Know your college expenses

If you will pay for college on your own, you also need to understand the different costs that you will encounter in college. According to the CollegeBoard.org, your school expenses will be summed into five categories.

  • Tuition fees. These include the actual amount that you have to pay the school for credit hours. These are for your classes. Take note that the number of credit hours and the course you are taking will affect how much you will pay in tuition and fees.
  • Room and board. Some universities and college separate the board and lodging while others group them together. If it is separate, you need to consider the inclusions in the room and board. Will it include your meals?
  • Books and supplies. This will have to be considered as a separate expense since it varies every term and course. But according to the site, the average estimate for this is $1,200 – for a four year course.
  • Personal expenses. These are everything that you need to spend on to live comfortably. Your phone, laundry and meal expenses fall under this category. Include here your clothing and entertainment expenses too.
  • Transportation. This is an expense category for both car owners or those who use the public transportation. Factor in these costs before you go to college.

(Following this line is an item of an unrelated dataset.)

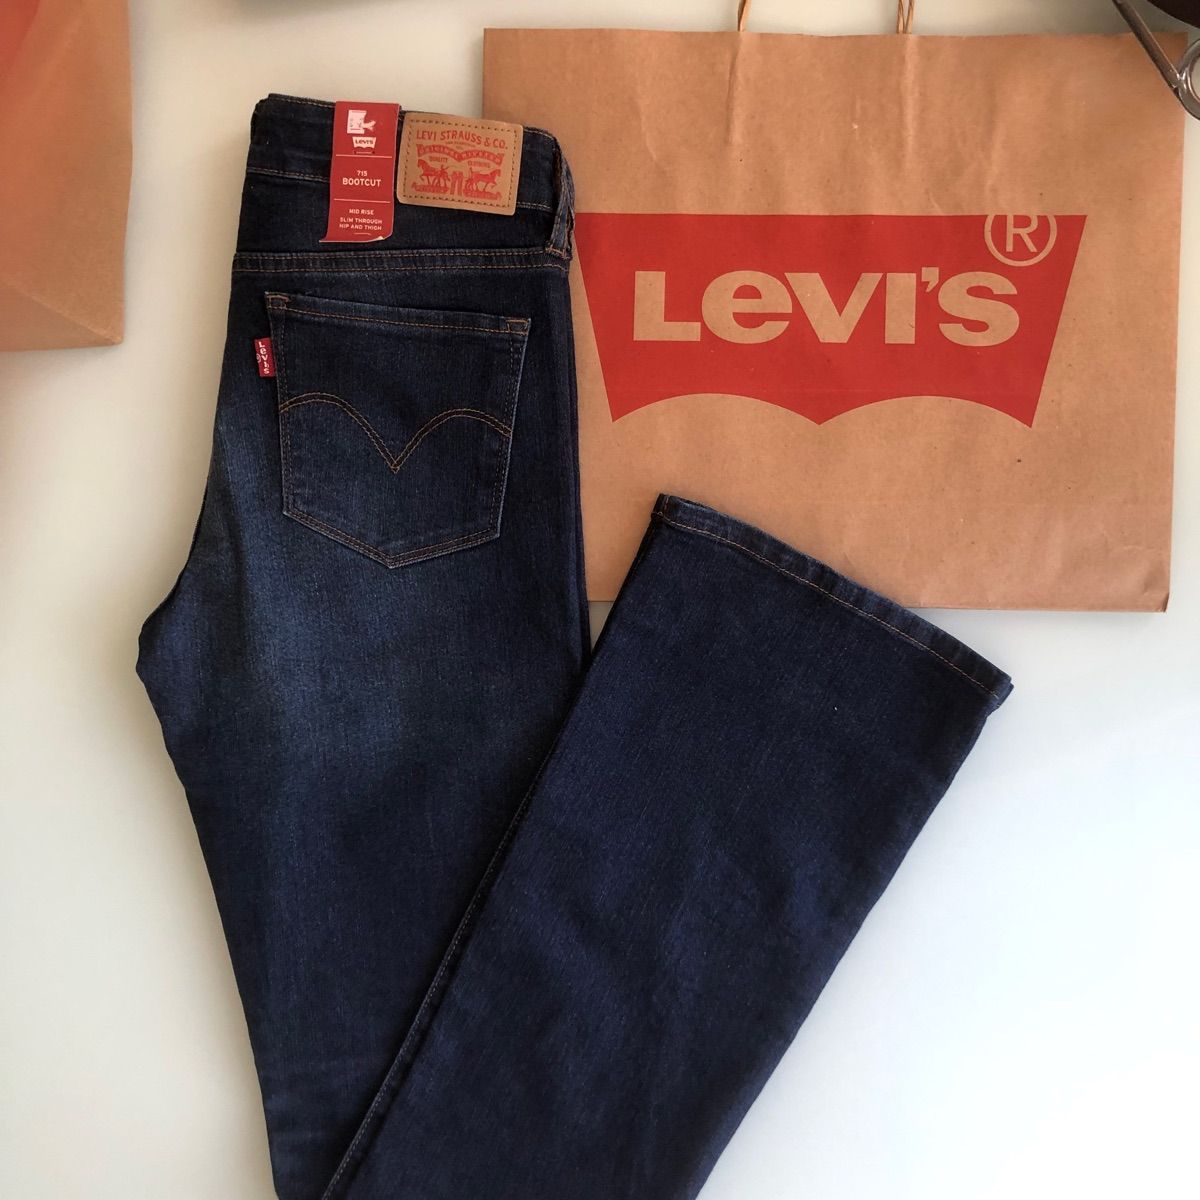 Calça Jeans Feminina da Levis Original 414 Classic Straight Plus Size  Importado., Calça Feminina Levi'S Nunca Usado 97085525

All of these should be considered if you are going to pay for college. Do not concentrate too much on the tuition fees. Your college expenses will be a lot more than that. At this point, creating a frugal budget will be really helpful to maximize your limited resources and lower your debt amount.

Parents and kids should join forces to go through college without debt

In the end, while parents are not obliged to pay for their kid’s college tuition, it is important for both the parents and the student to work together. That way, the latter will not have to be buried in debt and at the same time, the parents does not have to compromise their retirement money.

Here is a video about a young man named Brandon and how he is trying to go through college without any debt.

There are two important factors that allowed Brandon to attend college without having to rely on student loans.

  • His parents saved for college shortly after he and his siblings were born. The saving started really early so the parents did not have to shell out any money by the time Brandon had to go to college.
  • Brandon worked part time jobs and during school breaks to make more money. This young man worked hard so he can finance his own needs without relying on his parents. Not only that, he also knows that the experience he will get while working through college will help him when he goes out to the corporate world after graduation.

This is a formula that can really work well for any type of family.